In the paper 'Stochastic Neighbor Embedding', the cost function in term of K-L divergence is
$$ C = \sum_i \sum_j p_{ij} \log \frac{p_{ij}}{q_{ij}} = \sum_i \operatorname{KL}(P_i \| Q_i). $$
Question 1: Why does it say that SNE is an improvement over methods like LLE or SOM in which widely separated data-points can be 'collapsed' as near distances?
To minimize the cost, there is always a small distance in low-dimensional space with large $q_{ij}$, which also can cause 'collapse'. Or does 'collapse' mean something else?
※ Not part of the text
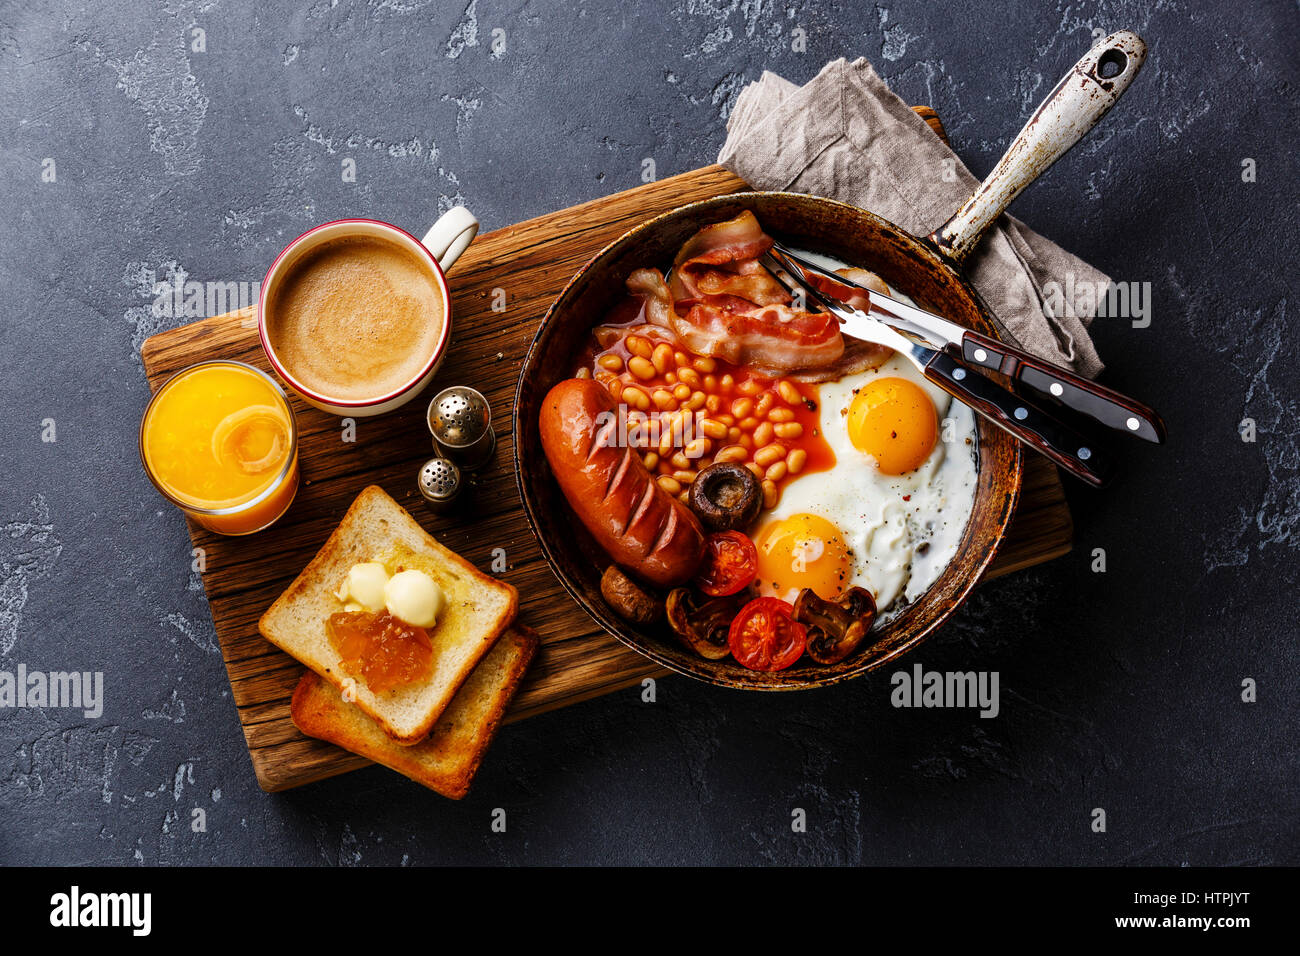 English Breakfast in cooking pan with fried eggs, sausages, bacon, beans, toasts and coffee on dark stone background Stock Photo

Question 2: Similarly, I do not understand how SNE keep the images of widely separated objects relatively far apart.
Question 1
The paper discusses this in the following quote:
Ideally, to minimize the KL, we should have $q_{ij} \approx p_{ij}$. Their point is that there is an asymmetry wrt increasing one compared to the other. Note that $p$ is inversely related to distance in the high-dimensional (HD) space, while $q$ is inversely related to distance in the low-dimensional (LD) embedding space. Large $q_{ij}$ with small $p_{ij}$ means modelling a large HD distance with a small LD distance. This penalty is born out in other terms of the sum, where $q_{k\ell}$ will be too small because some of the density of $q$ was "wasted" on $p_{ij}$. On the other hand, modelling a small HD distance with a large LD distance means having a large $p_{ij}$ with a small $q_{ij}$, meaning that $i,j$ will be a rather punishing term. I think what they mean is that without this asymmetry, this collapsing is more likely in LLE and SOM, perhaps.
Question 2
Basically re-iterating: to keep
the images of widely separated objects relatively far apart, we want $q_{ij}$ to be small when $p_{ij}$ is small.If the HD distance is far, then $p_{ij}$ will be small, (which makes it seem as if that term doesn't really matter as much since that it is $ p_{ij}\log(p_{ij}/q_{ij}) $). However, if the LD distance used there is small (meaning we didn't keep them far apart), then $q_{ij}$ will be large. Due to the normalization of $q$, this means we have "wasted" some of its probability mass here, and so other terms will be higher as a result. Hence the method will be driven to avoid this.